1 (10 ounce) jar maraschino cherries, reserve one cherry
1 cup cherry juice and milk
2 cups cake flour, sifted
3 teaspoons baking powder
1/4 cup shortening
1 cup sugar
1 egg
1 teaspoon almond extract
DIVINITY ICING
1 cup sugar
1/2 cup corn syrup
1/4 cup water
4 egg whites
1 teaspoon vanilla
1 1/2 cups sweetened shredded coconut

Steps:

  • 1. Preheat oven to 350 degrees. Grease and flour two 8" or two 9" round cake pans. Drain cherries and add enough milk to the juice to make 1 cup. Chop the cherries. Combine cake flour and baking powder; set aside.
  • 2. In large bowl with electric mixer, beat shortening with sugar and almond extract until well combined. Add the egg and beat well. On low speed, alternately add milk mixture and flour mixture beating just until combined. Stir in cherries.
  • 3. Spread batter into prepared pans. For 9" pans, bake 20-25 minutes. For 8" pans, bake 30-35 minutes.
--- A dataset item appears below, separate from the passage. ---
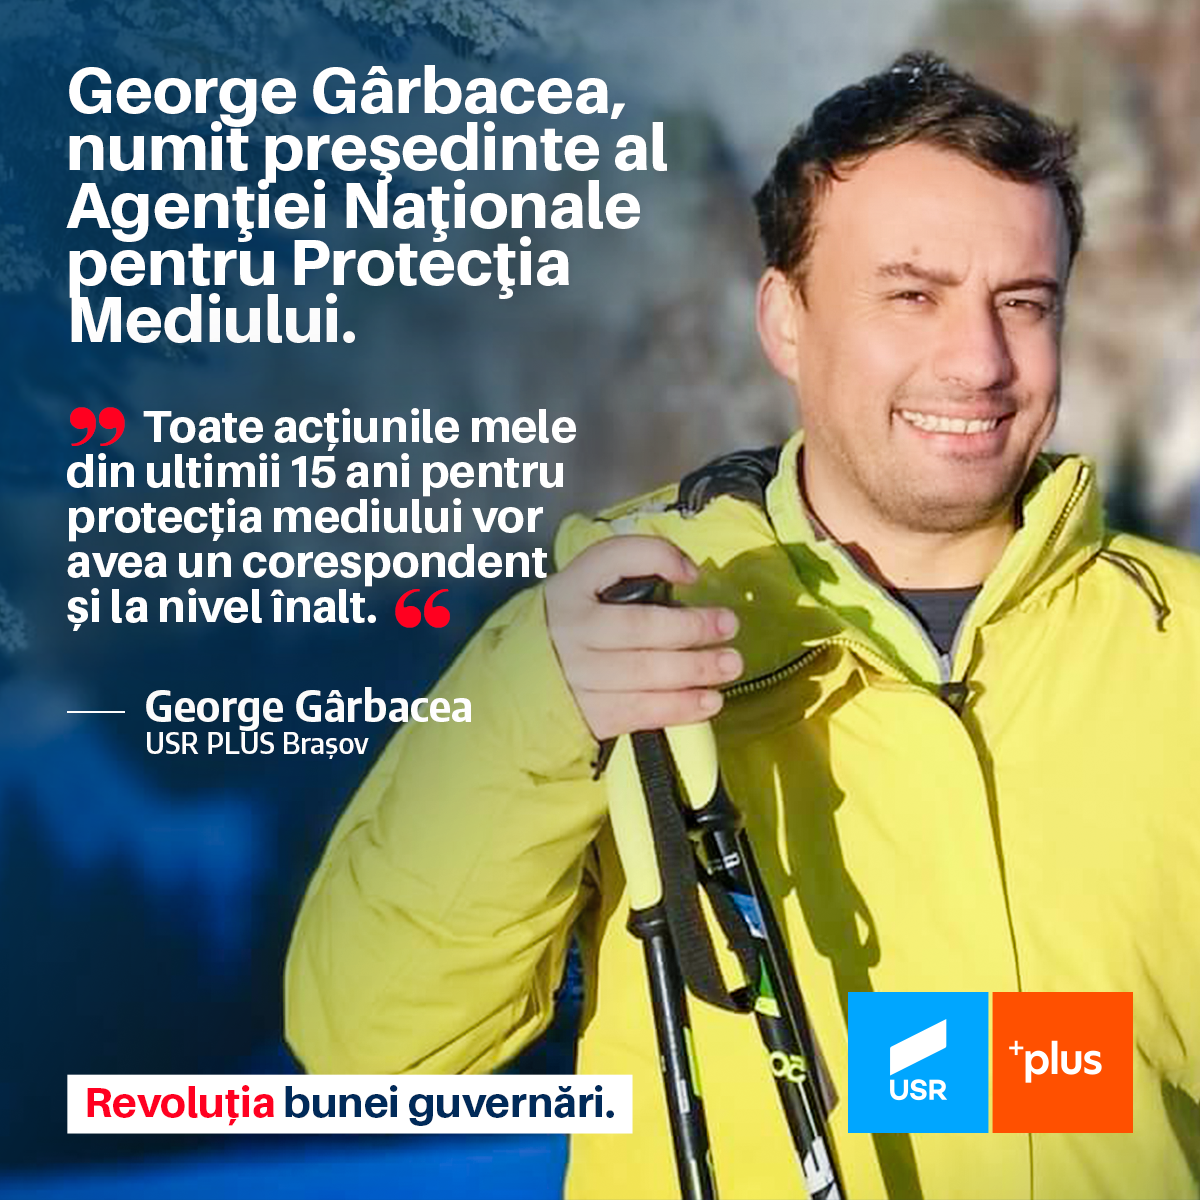 George Gârbacea citat

Layers are done when a toothpick inserted in center comes out clean. Cool layers in pans for 10 minutes. Invert and remove cake layers from pans. Cool thoroughly before icing.
  • 4. Divinity Icing: In the top of a double boiler, combine sugar, corn syrup, water and egg whites. With an electric mixer on low speed, beat the combined ingredients for 30 seconds.
  • 5. Over boiling water with electric mixer on high speed, beat mixture constantly (about 12-14 minutes) until peaks begin to form. Add the vanilla; beat until stiff peaks form.
  • 6. Frost the bottom layer and sprinkle with 1/2 cup of coconut. Add the remaining layer. Frost top and sides; then sprinkle with coconut. Place reserved cherry in center of cake.

Tips:

  • Use fresh or frozen cherries for the best flavor. If using frozen cherries, thaw them before using.
  • Be sure to grease and flour the cake pans before adding the batter. This will help the cakes to release easily from the pans.
  • Bake the cakes until a toothpick inserted into the center comes out clean. Overbaking will dry out the cakes.
  • Let the cakes cool completely before frosting them. This will help the frosting to set properly.
  • If you don't have a piping bag, you can use a spoon to spread the frosting on the cakes.
  • Garnish the cakes with additional shredded coconut, chopped cherries, or a sprinkle of powdered sugar before serving.

Conclusion:

This cherry coconut cake is a delicious and easy-to-make dessert that is perfect for any occasion. The moist and fluffy cakes are complemented perfectly by the creamy coconut frosting and the tart cherries. Whether you are serving it at a party or enjoying it at home with your family, this cake is sure to be a hit.